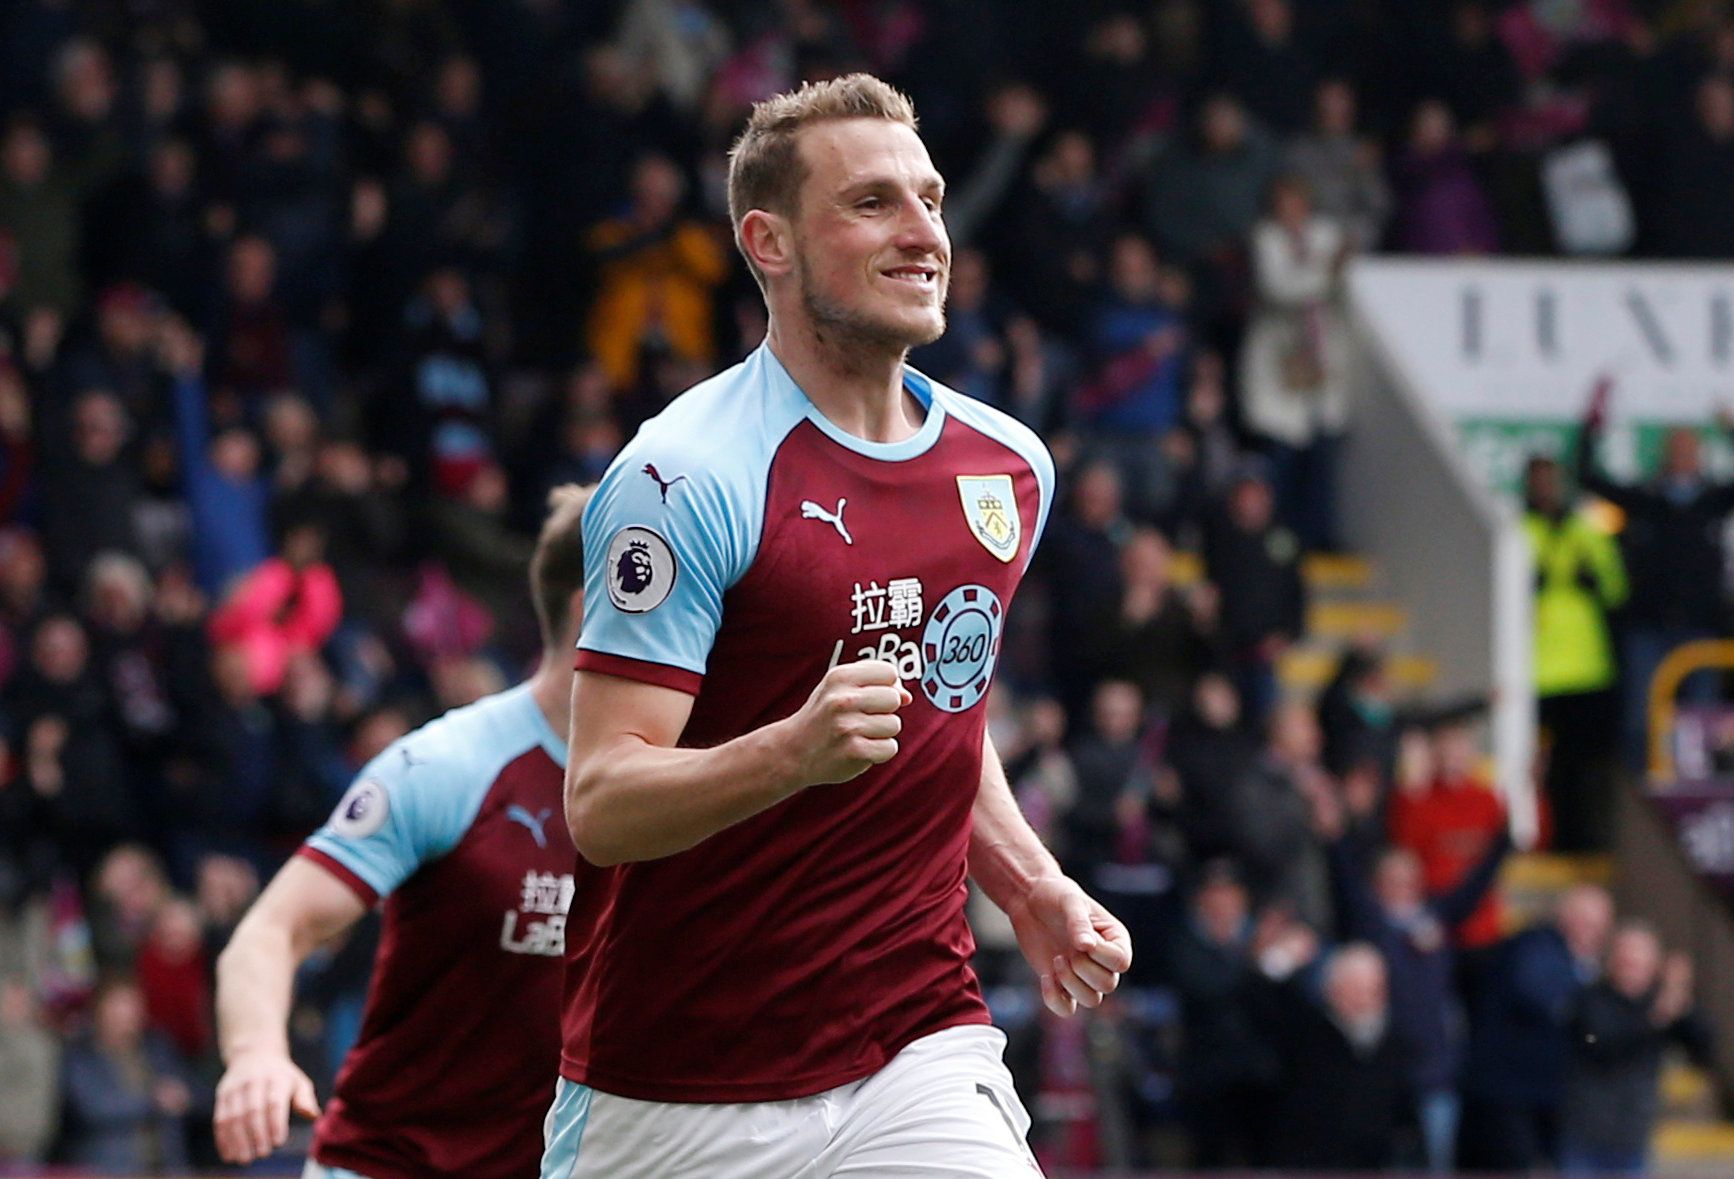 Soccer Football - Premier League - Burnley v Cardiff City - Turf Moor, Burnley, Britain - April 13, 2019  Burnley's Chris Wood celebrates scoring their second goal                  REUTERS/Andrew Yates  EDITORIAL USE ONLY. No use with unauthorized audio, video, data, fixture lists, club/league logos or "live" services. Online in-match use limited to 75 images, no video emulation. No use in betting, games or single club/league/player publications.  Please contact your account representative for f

* * *

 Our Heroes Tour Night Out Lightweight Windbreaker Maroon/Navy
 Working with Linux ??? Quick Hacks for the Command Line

...

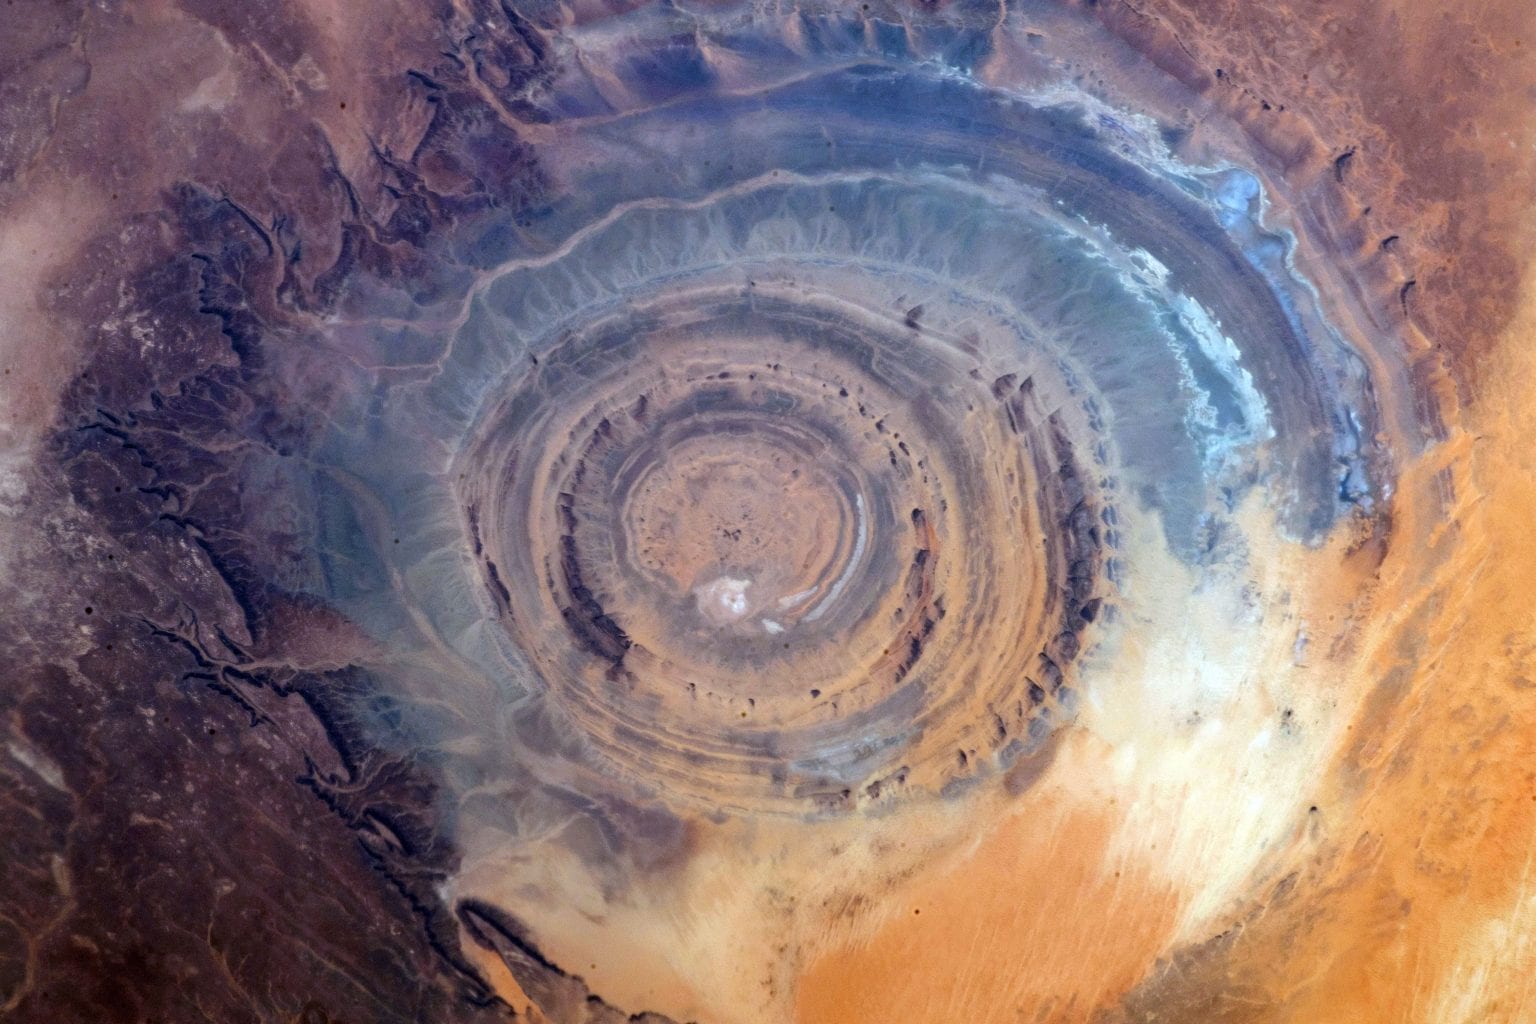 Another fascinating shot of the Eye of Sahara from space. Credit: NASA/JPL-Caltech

WORK TO COMPLETE →
Your answer should be the exact lines above from the one with "Our Heroes Tour" through the one with "Working with Linux", both included, and nothing besides.

EXERCISE OUTPUT →
 Our Heroes Tour Night Out Lightweight Windbreaker Maroon/Navy
 Working with Linux ??? Quick Hacks for the Command Line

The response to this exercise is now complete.